Frequency Domain Mode Profile Monitors

In today's post we are going to build a monitor capable of showing the field profile along a 2D cut of our system for any frequency within the source bandwidth after a single simulation. I find this specially useful when trying to identify the resonances of a structure. We will use a modified version of the ring resonator in the Meep tutorials to test the implementation and, by the end of the post, you will have this:

Gaussian Beam Parameters
Interactive frequency monitor.

The method proposed on the Meep basic tutorials to show the fields at a specific frequency is firstly identifying the resonances of the structure using harminv, followed by a narrow bandwidth simulation. This can easily become a time consuming process if you need to look at many resonances. The monitor that we are building here will trade-off some hard disk space and a small amount of post-processing time for the convenience of being able to look at the field profile at any frequency with a single simulation.


Using this monitor consumes orders of magnitude more hard drive space than just outputting a snapshot of the field. File sizes can easily run over 50 MB for a not too big 2D simulation. Generalizing the method below to 3D simulations is trivial, but I've never tried it and file size for a single simulation may well go into the multiple GBs.

The size of the output file will also depend a lot on how long you acquire data. For example, if your finishing condition consists on waiting for the fields to decay by a certain amount and you are simulating a high-Q cavity, the output file will be much bigger. Of course you can control for how long you want to acquire data but still you should take it into consideration.

What you have to do is sample the field at the Nyquist rate for the highest frequency you are interested on. Then Fourier transform the output to disentangle the different frequency components. Finally, you'll add additional attributes onto the h5 file to avoid having to manually keep in sync the representation scripts and the simulation ctl file.

Lets start with two helper functions. One generates the volume over which we want to visualize the fields, the other creates a step function that will output the fields into a file called monitor-name.h5 every dt.

After running the simulation we’ll want to add some metadata to the h5 file so that we don’t have to keep track manually of what are the dimensions of the volume or which was the specific sampling rate. I couldn’t figure out a way of doing this using only libctl so, instead, I created a Python script that takes care of it. The function attr->string builds a string with the call to the Python script in charge of adding the metadata. The Python script is then called via the system function. Of course you can use this to append an attribute to any h5 file.

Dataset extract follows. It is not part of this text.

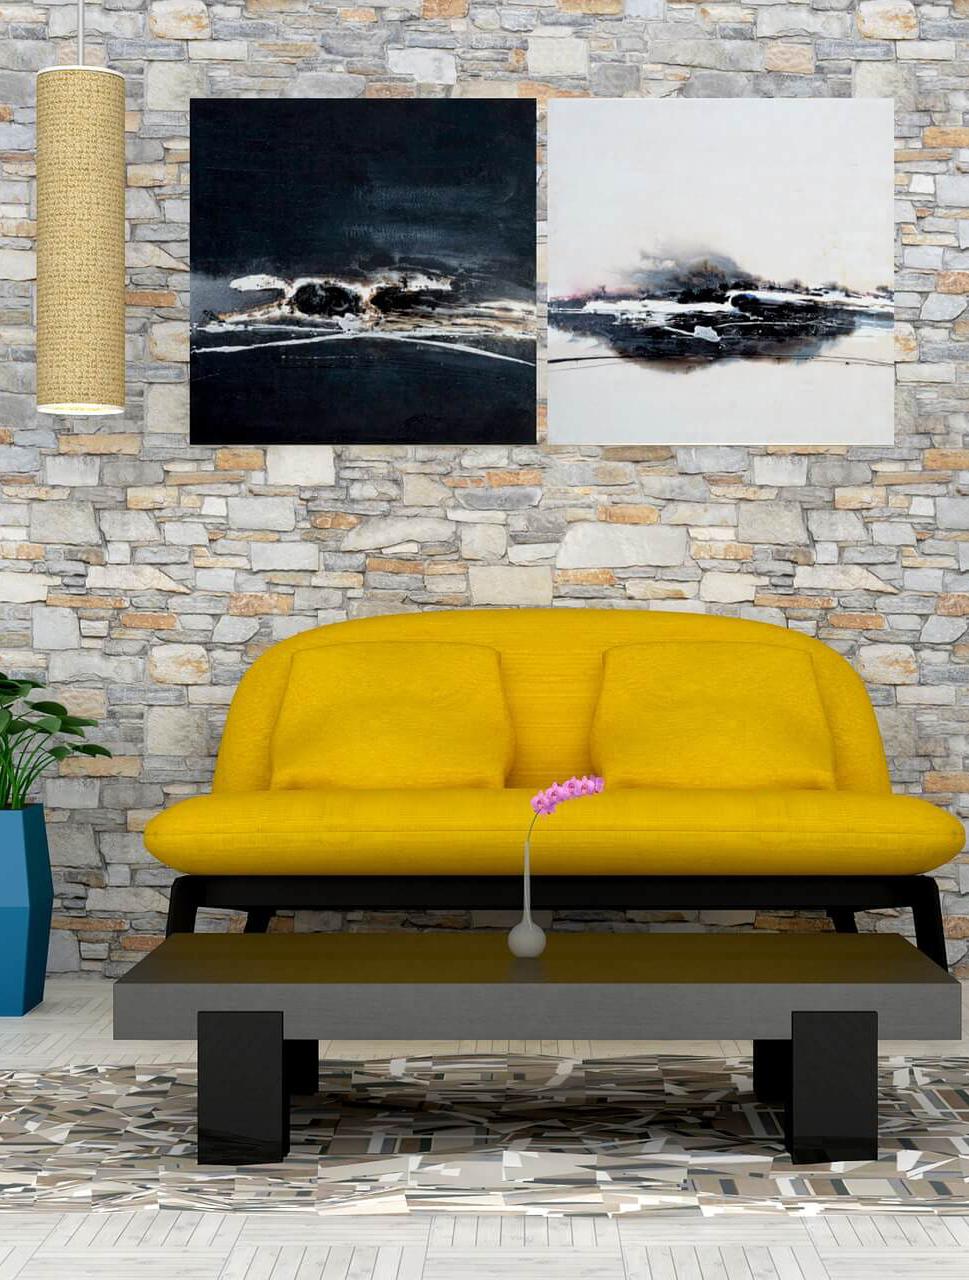 Современный дизайн квартир, Dofamine

Finally to obtain the field at each frequency run a discrete Fourier transform on the fields. The transform is performed only along the time axis which means that each pixel in the stored volume is treated as an independent time series. Depending on the required frequency resolution you may need to pad the signal with zeros. This is taken care of by the n argument of the FFT function. The example below will plot the absolute value of whatever field was stored in the monitor but any other function of the fields is possible.

The code available on GitHub includes a bash script to run the simulations and some further instructions. You will also find a notebook to plot the LDOS of the system which should be really helpful to hunt down the resonances. The script is a small command line program that will take care of Fourier transforming the fields in the monitor and plotting them together with a slider to select the frequency you are interested on. Besides plotting the Fourier transform it can also apodize the beginning of the time signal. This can be useful if, for example, your source is dominating the output at the beginning, which makes it hard to see anything else. The --t0 and --tau define the center of the apodization and the characteristic time of the ramp up.

Hopefully this will provide you with a new tool in your FDTD arsenal to make your workflows more efficient.